On my laptop running Win7, when I set the display setting to 125%, the DPI shows up as 120 (using both graphics.DpiX and GetDeviceCaps) as expected. However, with the display at 150%, the DPI is 96 (?!), just like it is at 100%. Does anyone know a) why this is the case and b) is there any other way other than checking the DPI to detect if the display is set to anything other than 100%? I'm writing an app that I want to display a message when the display is set to >= 150%.
Thanks.
I've just struggled the same problem, and though there are a lot of DPI-related questions on StackOverflow, I did not find all the answers in one place.
The answer to question a) is the easier one: Starting with Windows Vista, Windows supports two kinds of DPI-related resizing. If you click on "Set custom text size (DPI)" on Display settings, you can see that by default, 125% uses the Windows XP-compatible resizing, while 150% doesn't.
Question b) is a trickier one. If you search StackOverflow, usually you can find the following answer:
using (Graphics screen = Graphics.FromHwnd(IntPtr.Zero))
{
IntPtr hdc = screen.GetHdc();
int dpiX = GetDeviceCaps(hdc, DeviceCaps.LOGPIXELSX);
screen.ReleaseHdc(hdc);
}
However, it will return always 96, regardless of actual DPI settings, unless...
- You use Windows XP or the compatibility mode is checked in at DPI settings. Problem: you cannot enforce it at the users.
- DWM is turned off (you use Basic or Classic themes). Problem: same as above.
- You call SetProcessDPIAware function before using GetDeviceCaps. Problem: This function should be called once, before all other rendering. If you have an existing DPI-unaware app, changing the awareness will ruin the whole appearance. It cannot be turned off once you called the function.

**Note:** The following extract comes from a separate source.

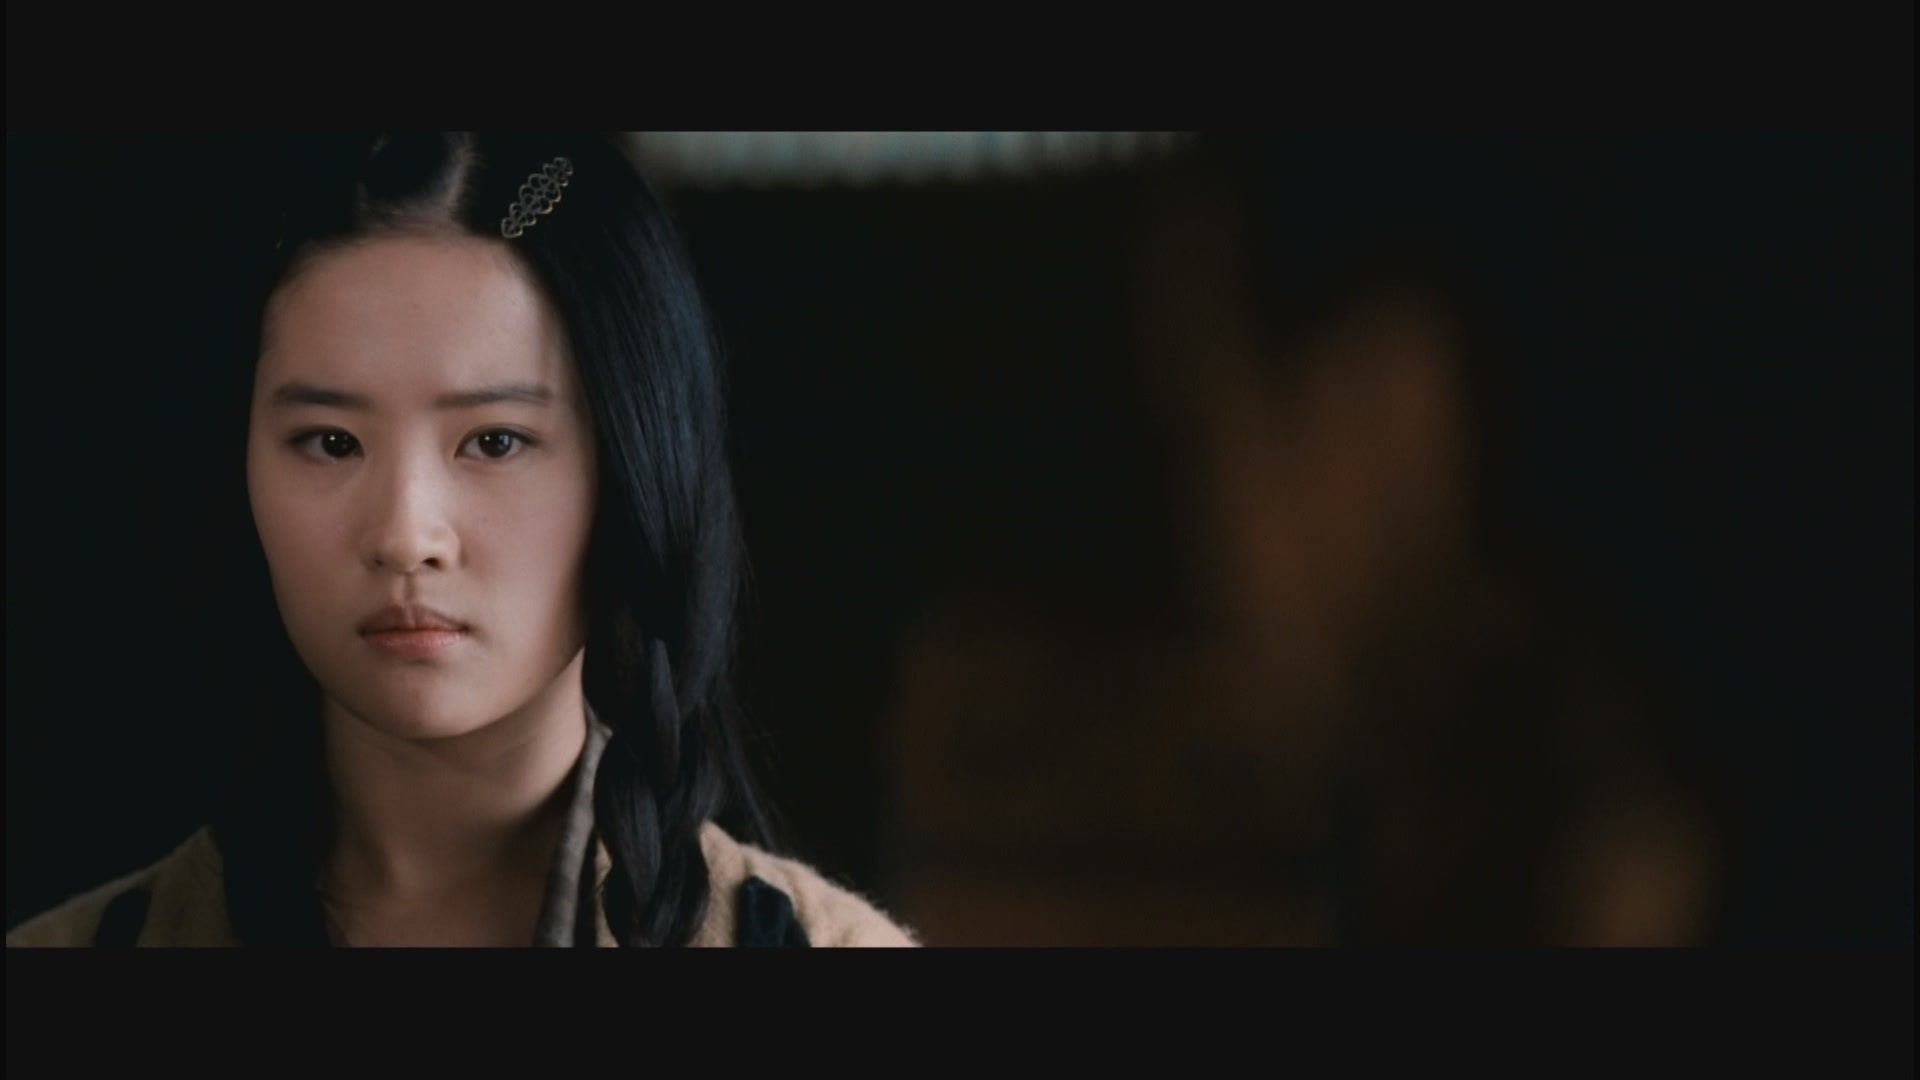 如何评价电影版《仙剑奇侠传》即将开拍? - 裴

- You call SetProcessDpiAwareness before and after using GetDeviceCaps. Problem: This function requires at least Windows 8.1
It seems that the GetDeviceCaps function is not fully documented at MSDN. At least I discovered that pinvoke.net mentions a few further options that can be obtained by the function. At the end I came out with the following solution:
public static int GetSystemDpi()
{
using (Graphics screen = Graphics.FromHwnd(IntPtr.Zero))
{
IntPtr hdc = screen.GetHdc();
int virtualWidth = GetDeviceCaps(hdc, DeviceCaps.HORZRES);
int physicalWidth = GetDeviceCaps(hdc, DeviceCaps.DESKTOPHORZRES);
screen.ReleaseHdc(hdc);
return (int)(96f * physicalWidth / virtualWidth);
}
}
And the required additional code:
private enum DeviceCaps
{
/// <summary>
/// Logical pixels inch in X
/// </summary>
LOGPIXELSX = 88,
/// <summary>
/// Horizontal width in pixels
/// </summary>
HORZRES = 8,
/// <summary>
/// Horizontal width of entire desktop in pixels
/// </summary>
DESKTOPHORZRES = 118
}
/// <summary>
/// Retrieves device-specific information for the specified device.
/// </summary>
/// <param name="hdc">A handle to the DC.</param>
/// <param name="nIndex">The item to be returned.</param>
[DllImport("gdi32.dll")]
private static extern int GetDeviceCaps(IntPtr hdc, DeviceCaps nIndex);
On Windows Vista and Windows 7, with DPIs above 120 (I think) and applications that it considers to be non-DPI aware, they switch into DPI Virtualization Mode.
This does exactly what you're seeing - the application thinks it's running in 96dpi while Windows blows it up and renders everything bigger (and blurrier).
For more details: https://learn.microsoft.com/en-gb/windows/win32/hidpi
(original link (now redirects to above): http://msdn.microsoft.com/en-us/library/dd464660(VS.85).aspx#dpi_virtualization)
The article explains how to disable it on a per-application basis.